TO DO:
Restate the full listing word for word and leave the pictures out.

STORED DATA section start

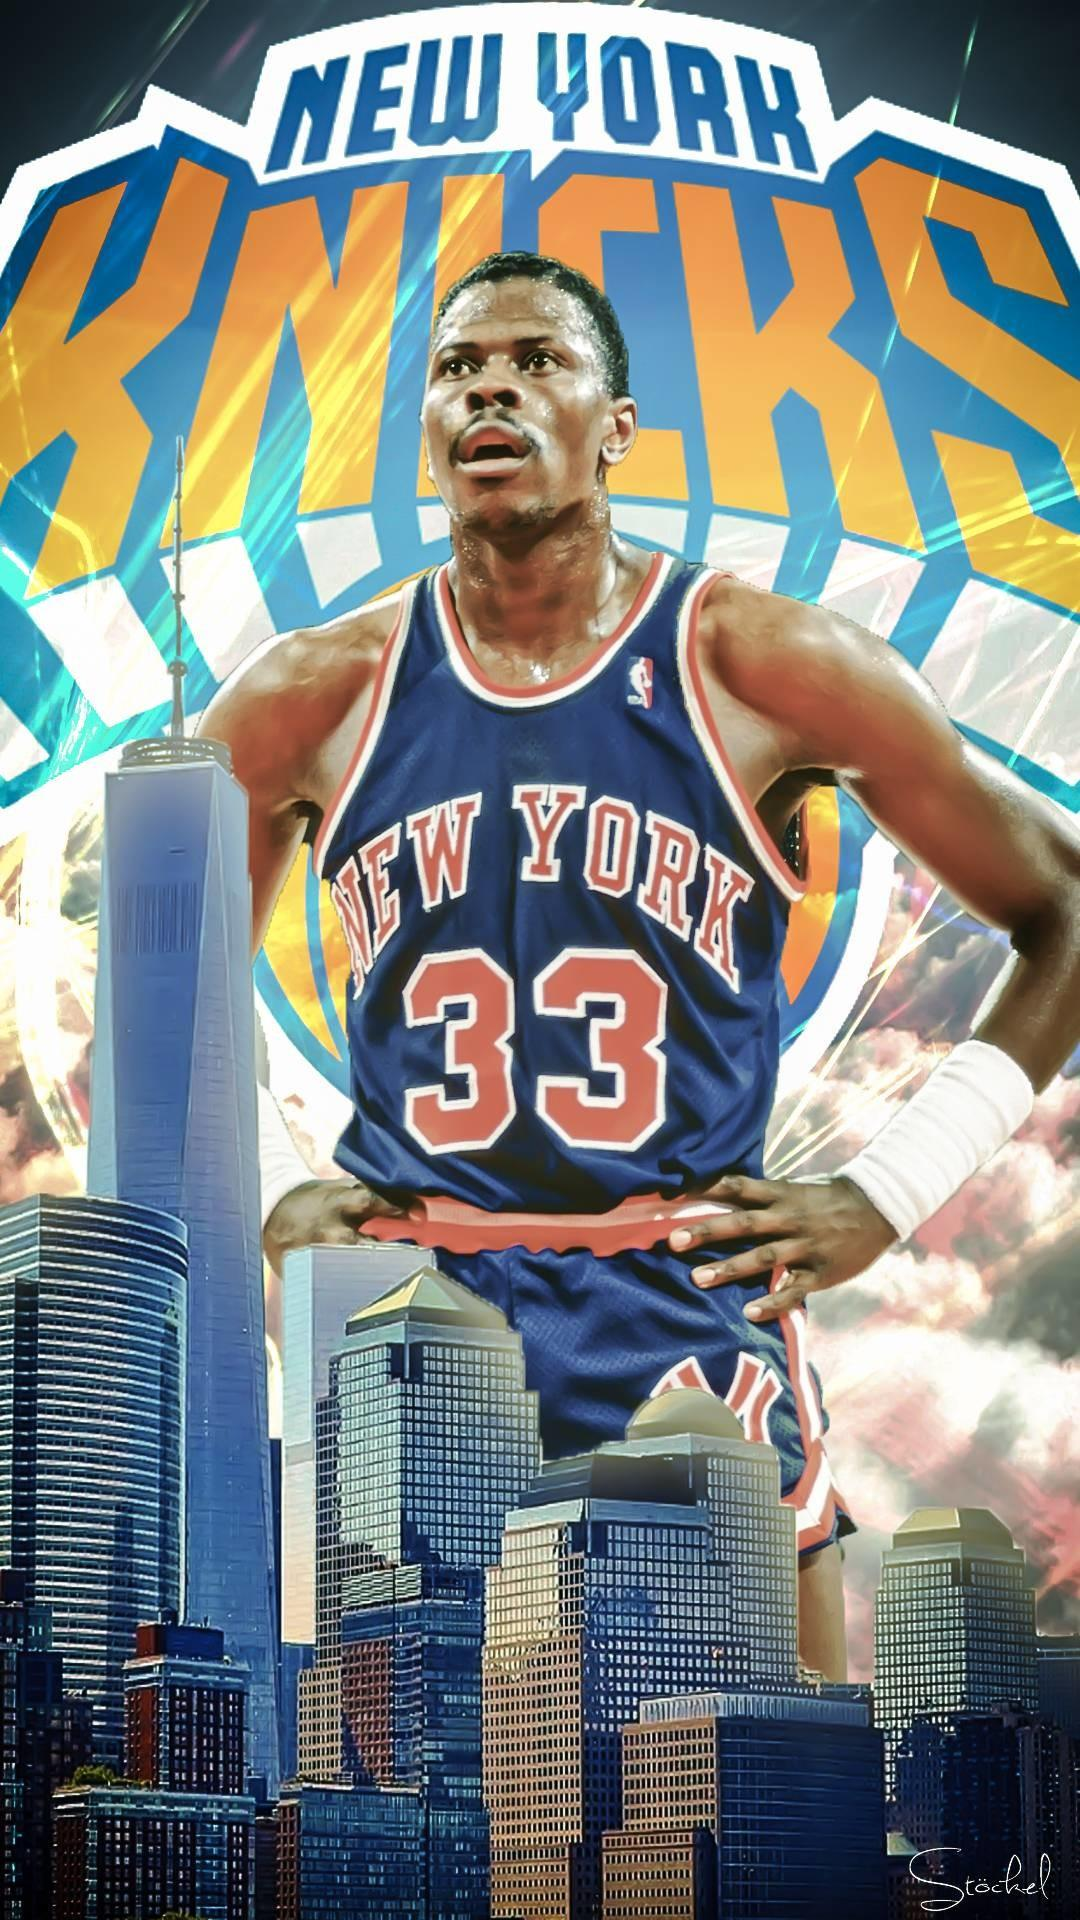 Patrick Ewing Wallpapers - Wallpaper Cave |Patrick Ewing Wallpaper
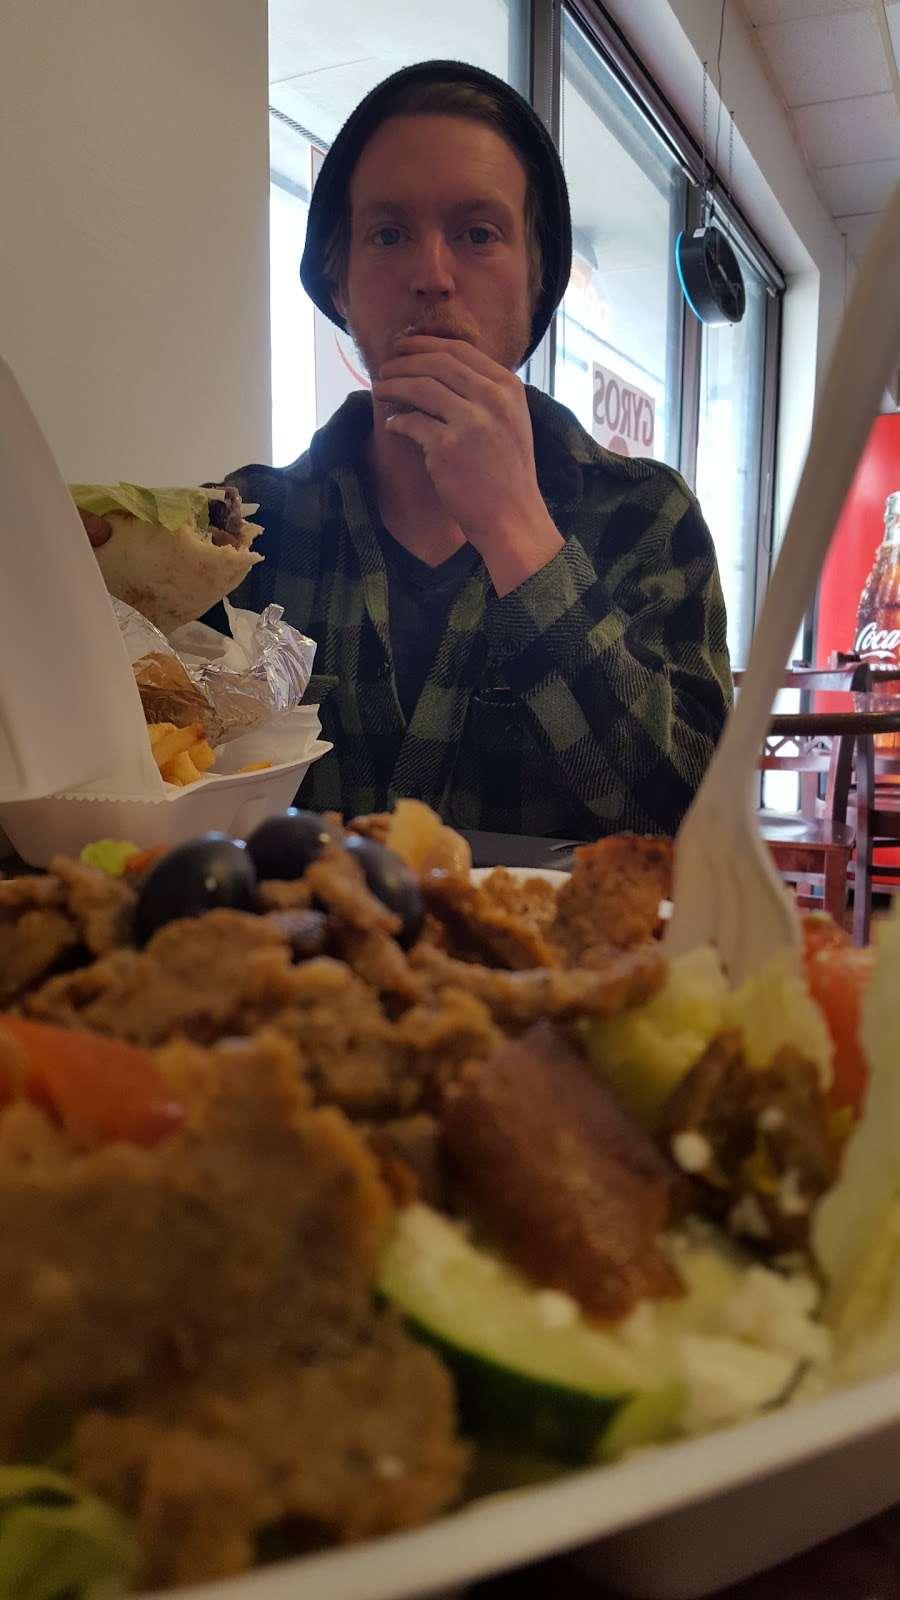 Jordans Fish Chicken & Gyros - restaurant  | Photo 5 of 6 | Address: 6165 Allisonville Rd, Indianapolis, IN 46220, USA | Phone: (317) 254-4444
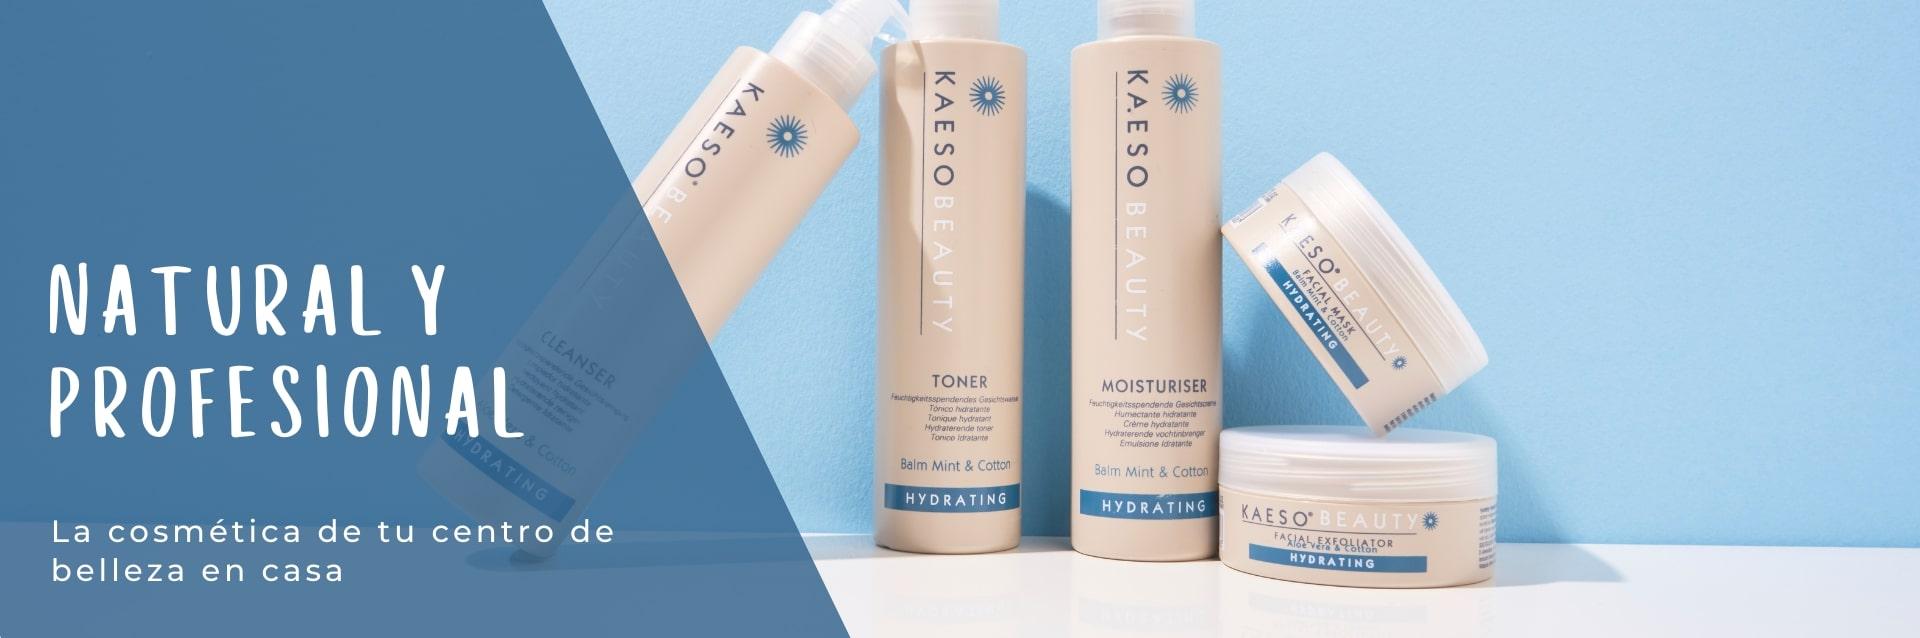 cosmetica natural y profesional

STORED DATA section end

ANSWER BOX:
 Patrick Ewing Wallpapers - Wallpaper Cave |Patrick Ewing Wallpaper
 Jordans Fish Chicken & Gyros - restaurant  | Photo 5 of 6 | Address: 6165 Allisonville Rd, Indianapolis, IN 46220, USA | Phone: (317) 254-4444
 cosmetica natural y profesional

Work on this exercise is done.